Xreal Inc., a Chinese pioneer in smart glasses, is suing Viture Inc. for patent infringement in the US, arguing its rival has unfairly capitalized on Xreal’s extensive research and investment in the segment.

A pair of smart glasses – Bloomberg

The lawsuit, filed Thursday in federal court in eastern Texas, accuses San Francisco-founded Viture of unlawfully incorporating Xreal’s patented inventions into smart glasses such as the Luma Pro, Luma Ultra, and a high-end pair called The Beast.

Both Xreal and Viture manufacture augmented reality, or AR, glasses that plug into devices like smartphones and laptops, offering viewers a large virtual display for watching movies or handling productivity tasks. Technical specifications like display resolution and field of view- the size of the augmented world you can see at any given time- are often very similar between the two brands. 

Their US legal battle comes ahead of what is expected to be a pivotal moment for the segment, with Apple Inc. expected to make its category debut as soon as this year, Bloomberg has reported.

Xreal holds over 800 patent and patent applications worldwide, including dozens in the US and Europe, it said in a statement Thursday announcing the lawsuit. “By comparison, Viture owns approximately or fewer than 70 patent and patent applications globally, with none in the United States or Europe,” it added. 

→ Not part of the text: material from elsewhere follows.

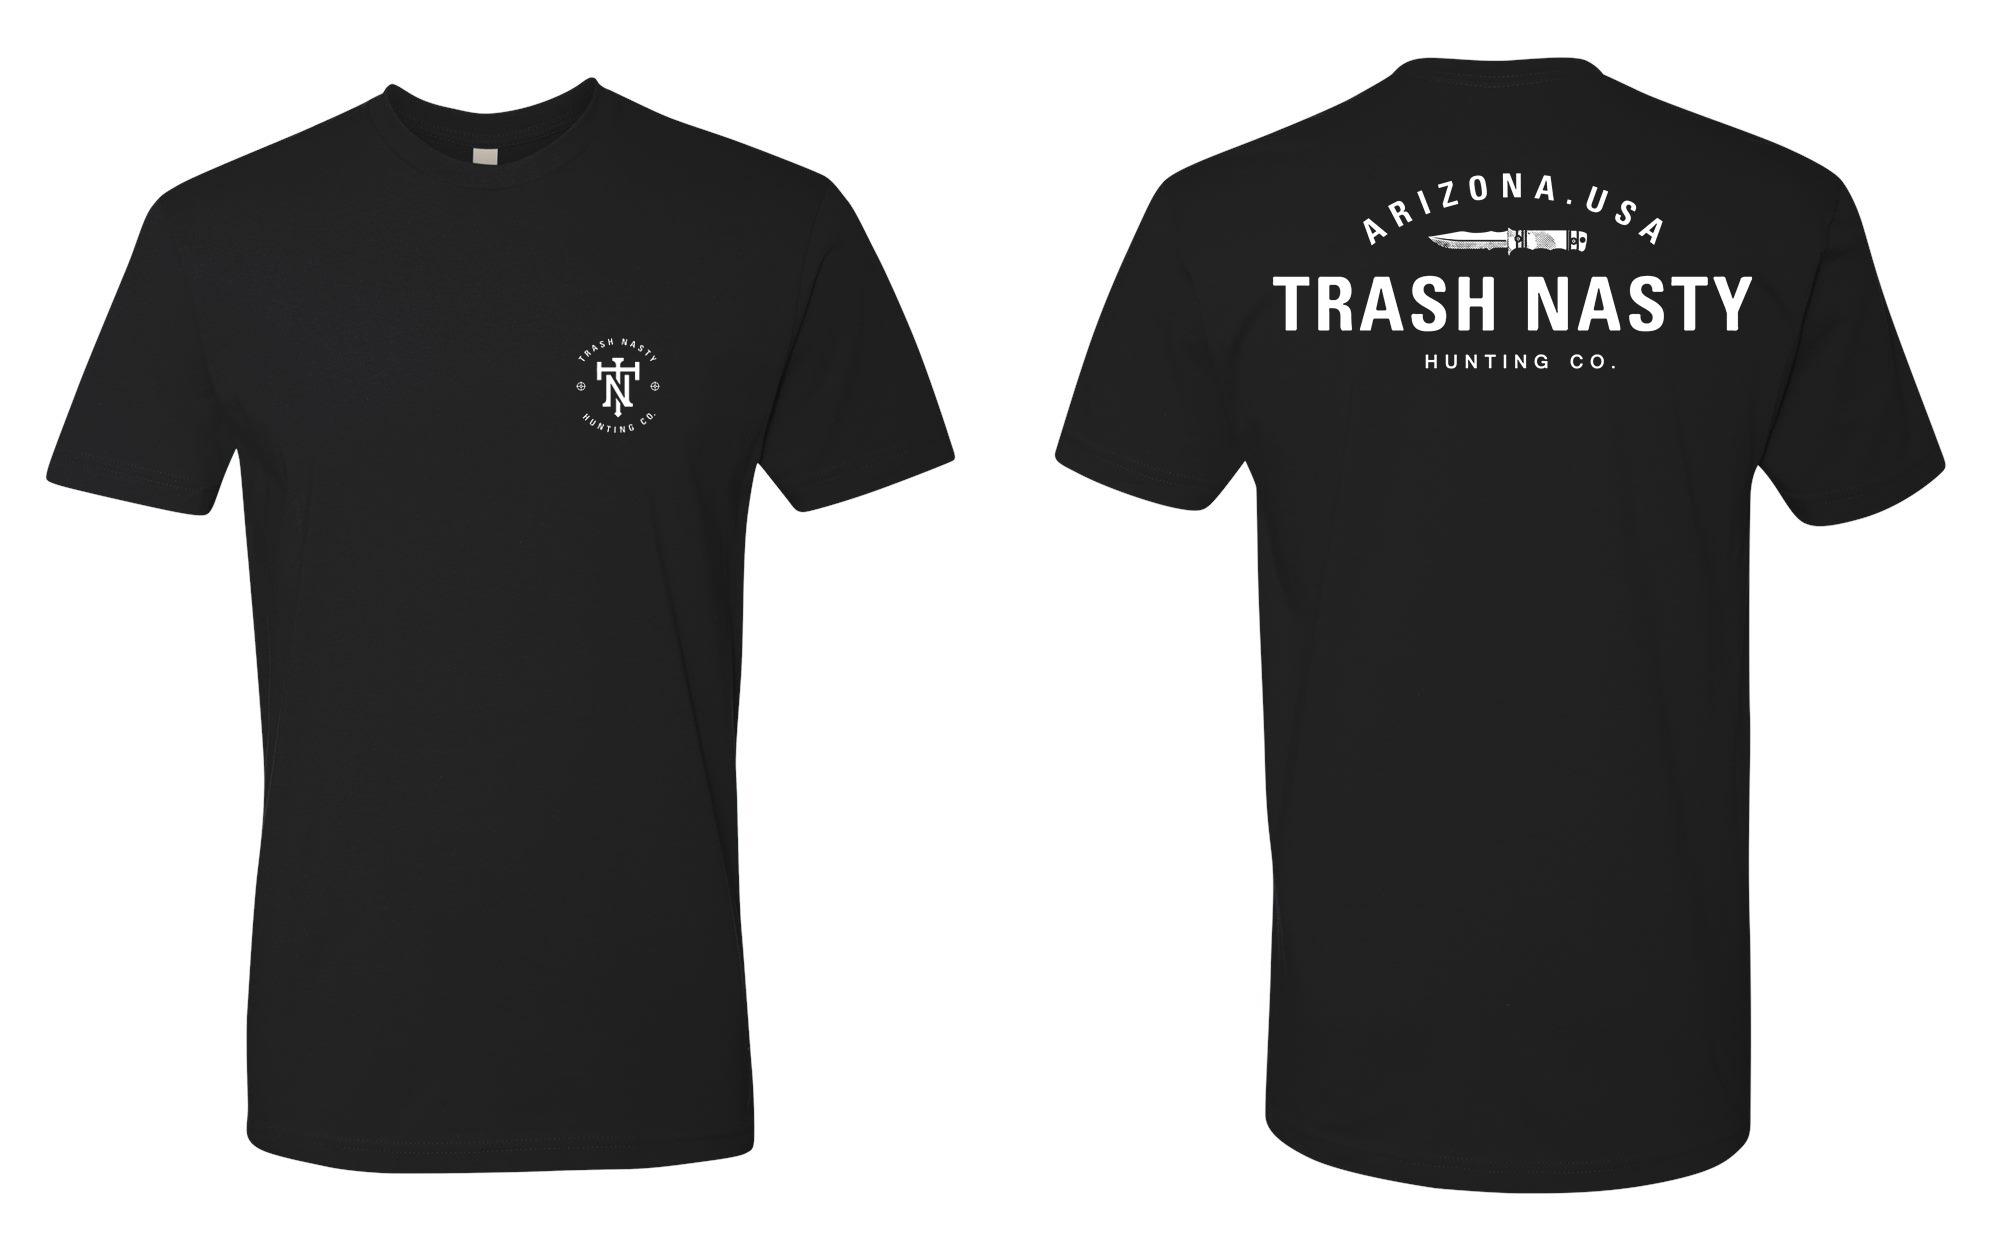 Trash Nasty Hunting Co_TN Sightmark Arizona USA White_MOCKUP (NLA 3600_Black) UPDATE.jpg

“The lawsuit is not merely about enforcing a single patent,” Xreal said in the statement. “It is about stopping a pattern of intellectual property infringement that undermines the integrity of innovation and endangers continued technological development in this industry.”

Xreal holds more global market share than Viture in the AR eyewear category, according to research firm IDC. But both companies lag far behind Meta Platforms Inc., which has come the closest to mainstream success with its Ray-Ban line of smart glasses.

At the CES technology trade show earlier this month, Xreal unveiled a new entry-level pair of glasses and a co-branded set of glasses developed with Taiwan’s Asustek Computer Inc. It also announced that it’s extending a partnership with Alphabet Inc.’s Google.

Xreal said in the statement that these and other collaborators are “owed confidence that their co-developed products will not also be threatened by infringers attempting to benefit from infringement or undermined by unauthorized usage of IP.”